Ole Miss gets into NCAA Tournament as last team in the field
The Ole Miss Rebels are headed to the NCAA Tournament. That’s a statement that seemed like virtual certainty in February, close to a guarantee in March, a dicey proposition in April and a pipe dream when the calendar turned to May.
It felt like all of those things wrapped into one in the seven days since we’ve last spoken and since the last time Ole Miss played a baseball game. Isn’t it sort of fitting? The Rebels were the last team admitted in to the field, according to the NCAA Tournament selection committee.
A tumultuous week began with a rather predictable-looking 3-1 loss to Vanderbilt late on a Tuesday evening in the single-elimination portion of the SEC Tournament. While that game feels wholly irrelevant to break down and discuss now, if that had in fact been this team’s final game, wouldn’t have it been a rather fitting ending to this season? Ole Miss gets a competitive performance from a fatigued Dylan DeLucia, the bullpen keeps the Rebels in the game despite a slew of missed opportunities at the plate, and they lose despite those efforts on the mound because the offense was 1-18 with runners on base and 1-6 with runners in scoring position? Where have you seen that movie before? If that would’ve ended up being this team’s final game, the loss would’ve painted a pretty accurate picture as to why, as well as how, this group fell to this point.

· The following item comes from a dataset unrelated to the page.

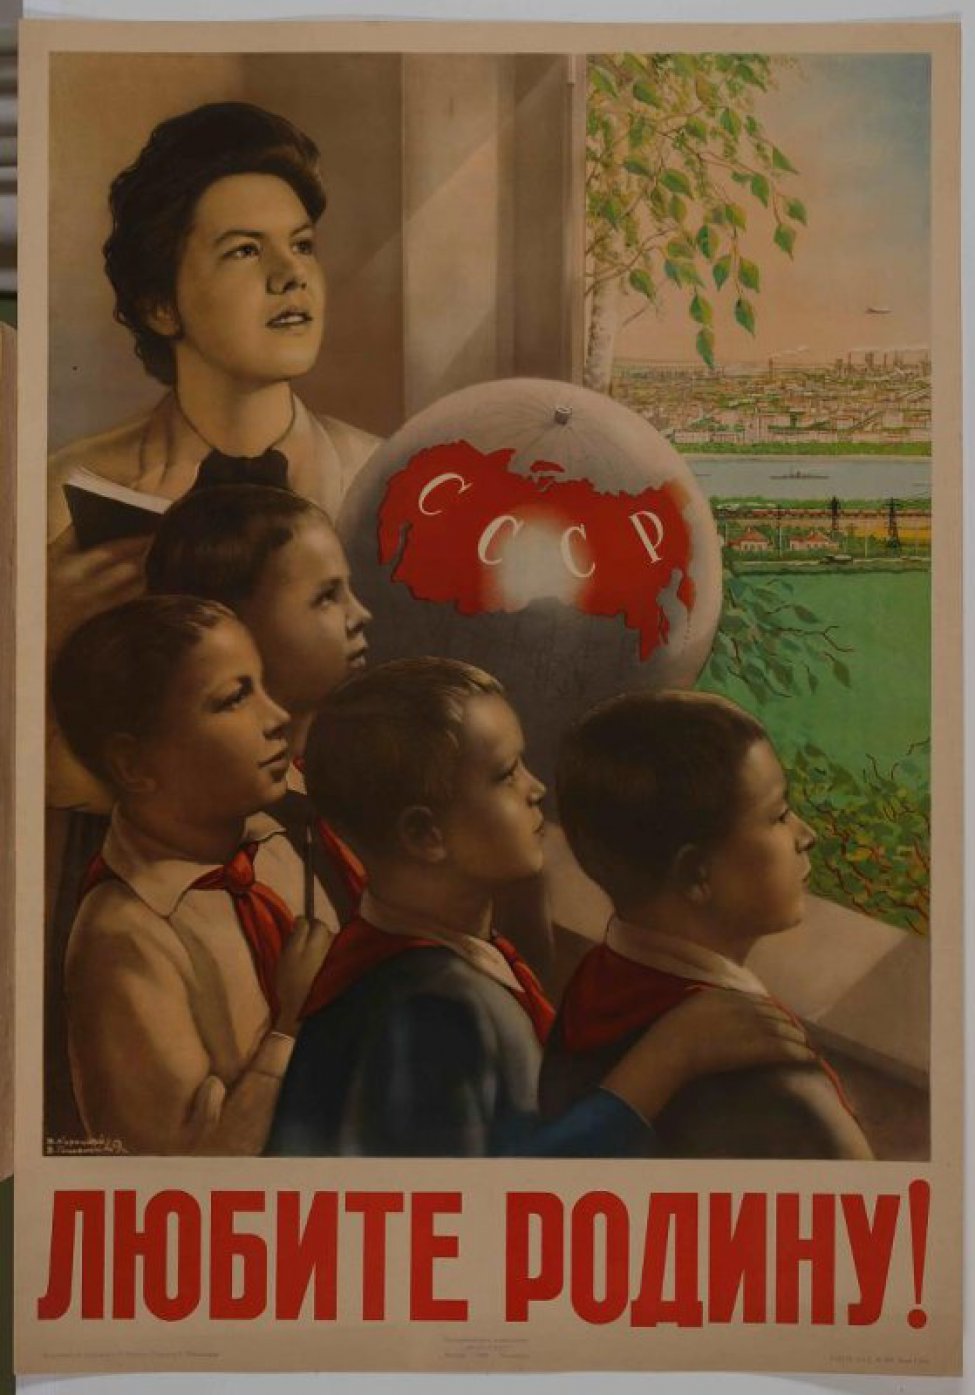 Изображена учительница с четырьмя пионерами у раскрытого окна. На подоконнике глобус. В окно виден город.
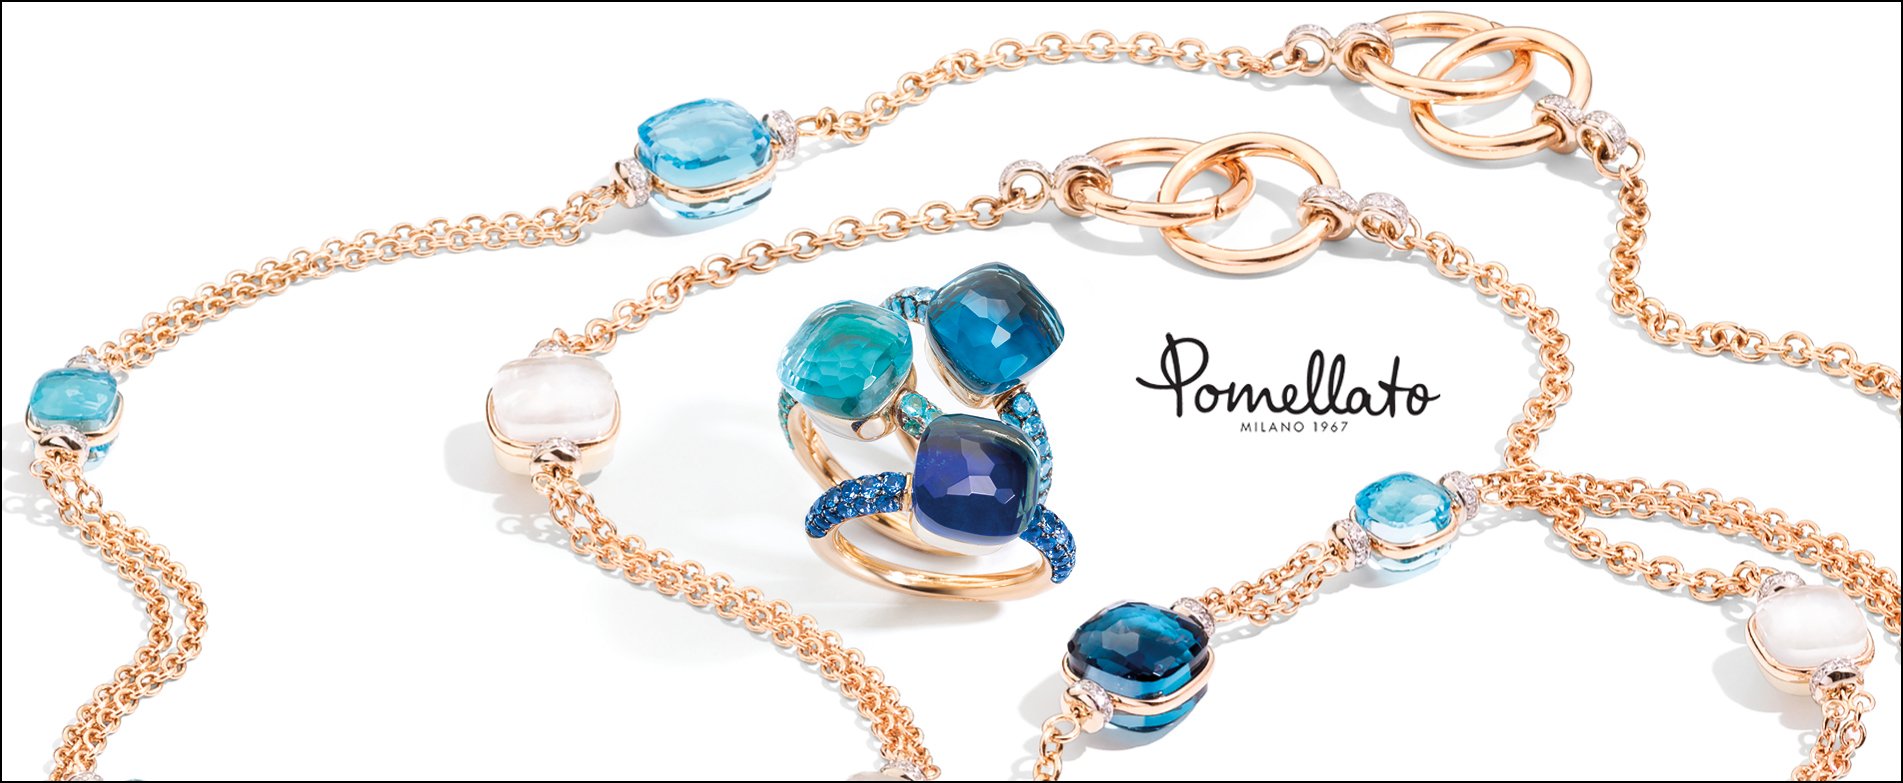 Chanel Fine Jewelry - Authorized Retailer - Ch Premier Jewelers

But it wasn’t, and the Rebels now have new life. In fact, they are as equally as alive as the other 63 teams in this sport who have not yet put the bats and balls away for a long summer of wondering what could’ve been and what needs to change. You could make a strong argument that Ole Miss is only a handful of days away from that reality, and that this stroke of good fortune from a group of suits in a conference room only prolonged the inevitable, but that isn’t really the point right now. Ole Miss is in the NCAA Tournament and received what I believe is a fairly reasonable draw.
How did this happen?
I am not entirely sure how to answer this question. Over the final three weeks of the regular season, I repeatedly wrote that I believed that 14 regular season SEC wins plus the Governor’s Cup victory would be enough for Ole Miss to feel good about its chances of earning an at-large bid into the NCAA Tournament. There was enough recent precedent on my side, the RPI seemed to back up that assertion, and a relatively weak bubble hardly looked threatening. While I suppose I was technically correct in that assessment, it would be disingenuous for me to take an ‘I told you so’ victory lap in this space, because it was far from a certainty. By Monday morning, it seemed pretty unlikely.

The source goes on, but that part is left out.